All of the data is to be written out again exactly, without the pictures.

▶ Dataset extract
——
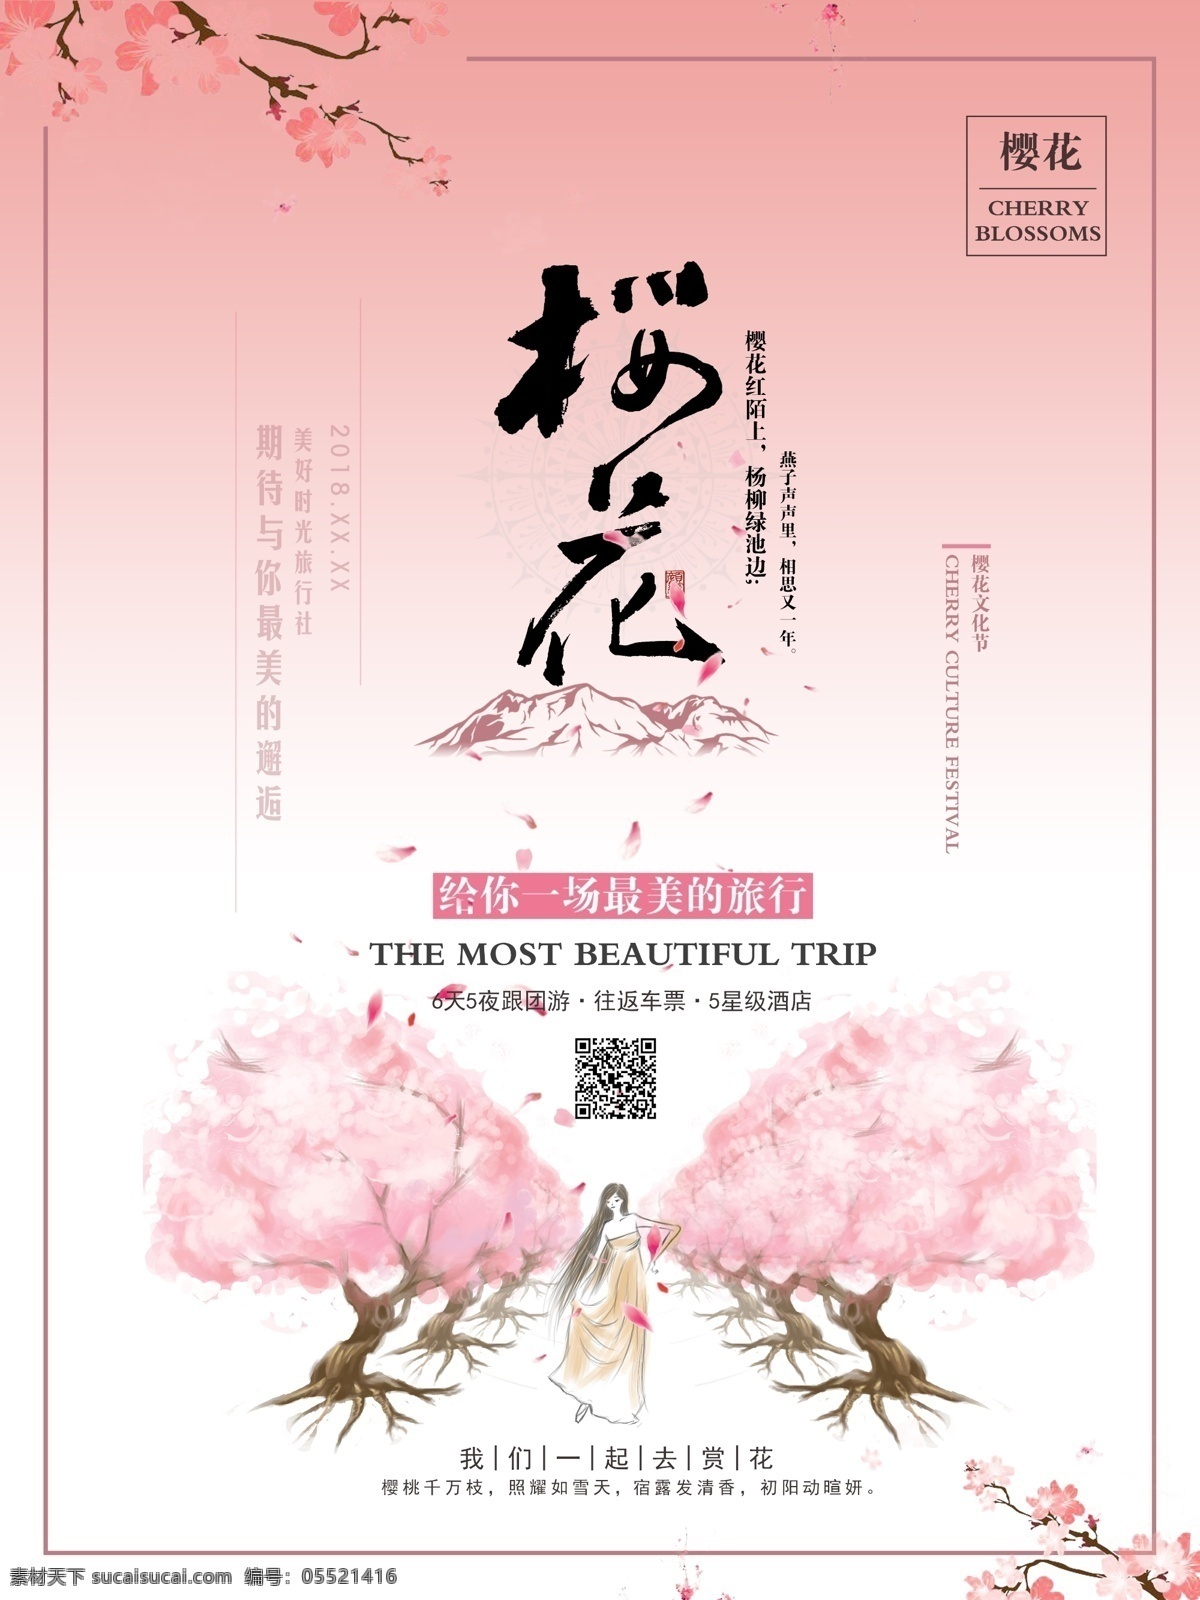 原创 插画 樱花 季 旅游 宣传海报 促销 宣传 浪漫 唯美 节日 日本 爱情
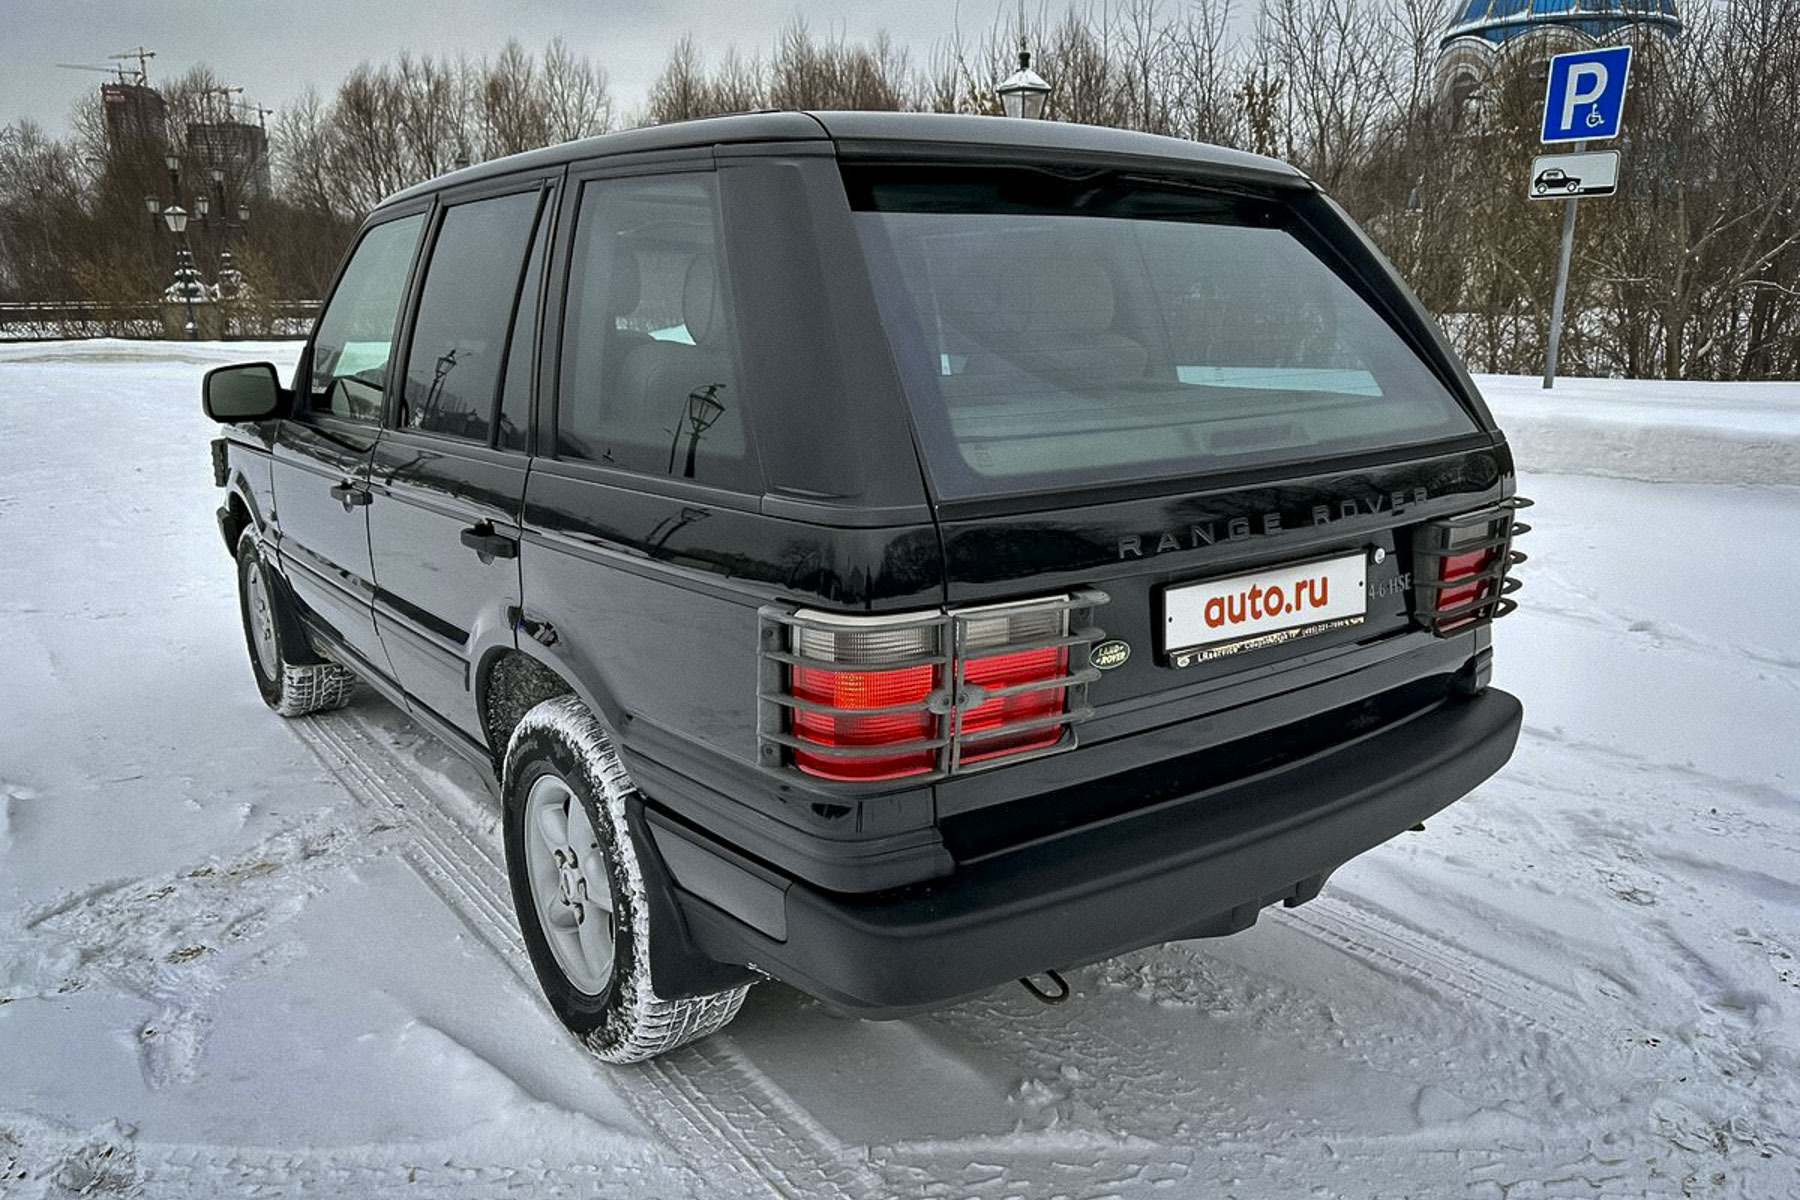 Почти новый 23-летний Range Rover продают в Москве за два миллиона рублей5
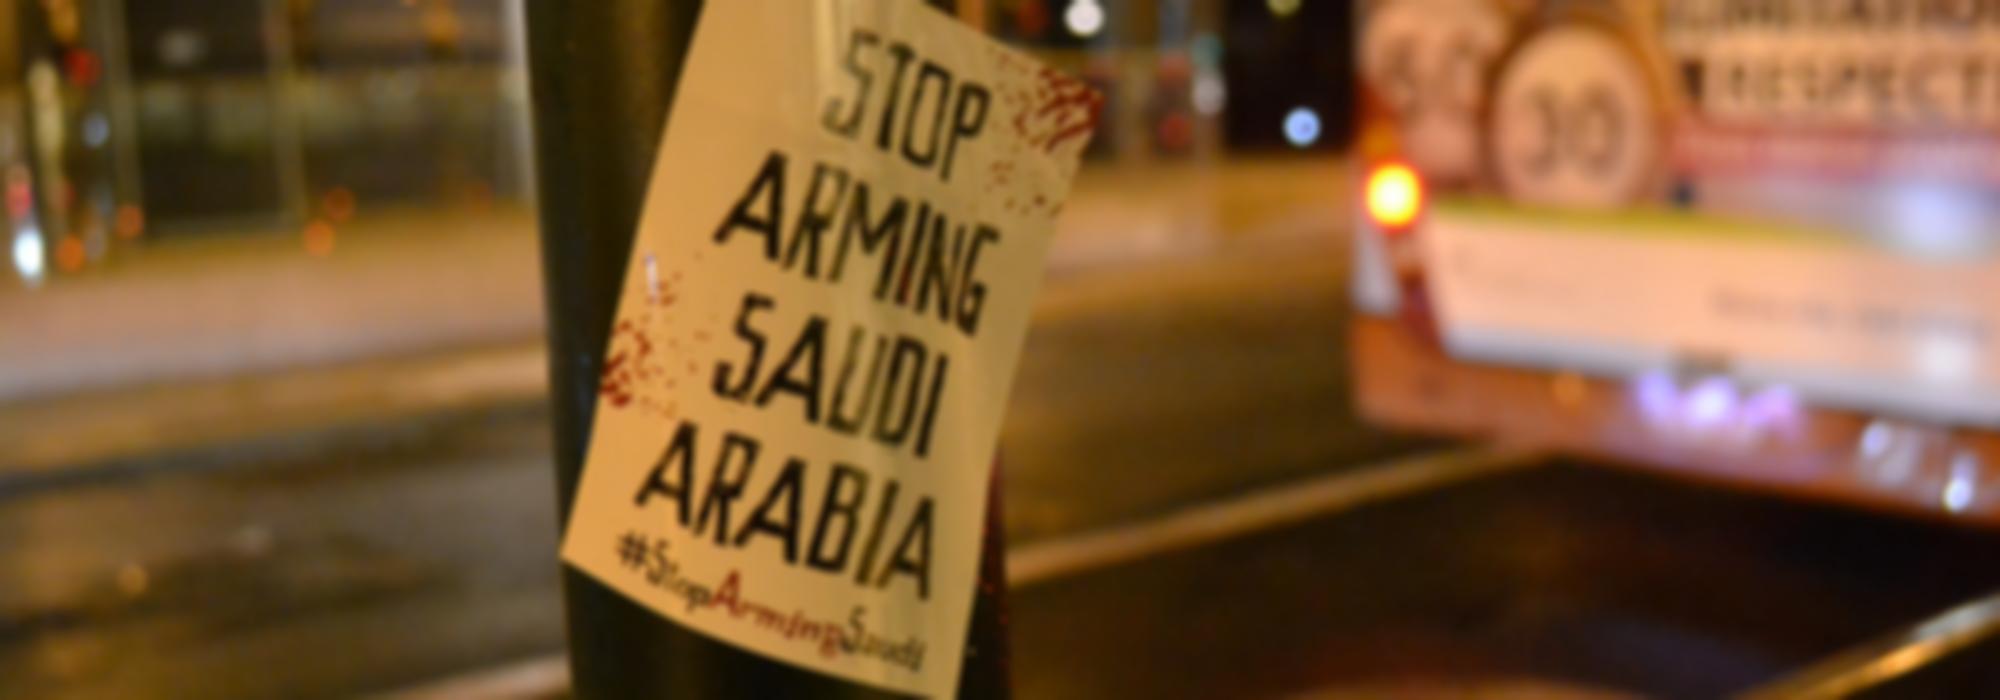 de foto toont een sticker op een lantaarnpaal met daarop Stop Arming Saudi Arabia
——
▶ Final answer
 原创 插画 樱花 季 旅游 宣传海报 促销 宣传 浪漫 唯美 节日 日本 爱情
 Почти новый 23-летний Range Rover продают в Москве за два миллиона рублей5
 de foto toont een sticker op een lantaarnpaal met daarop Stop Arming Saudi Arabia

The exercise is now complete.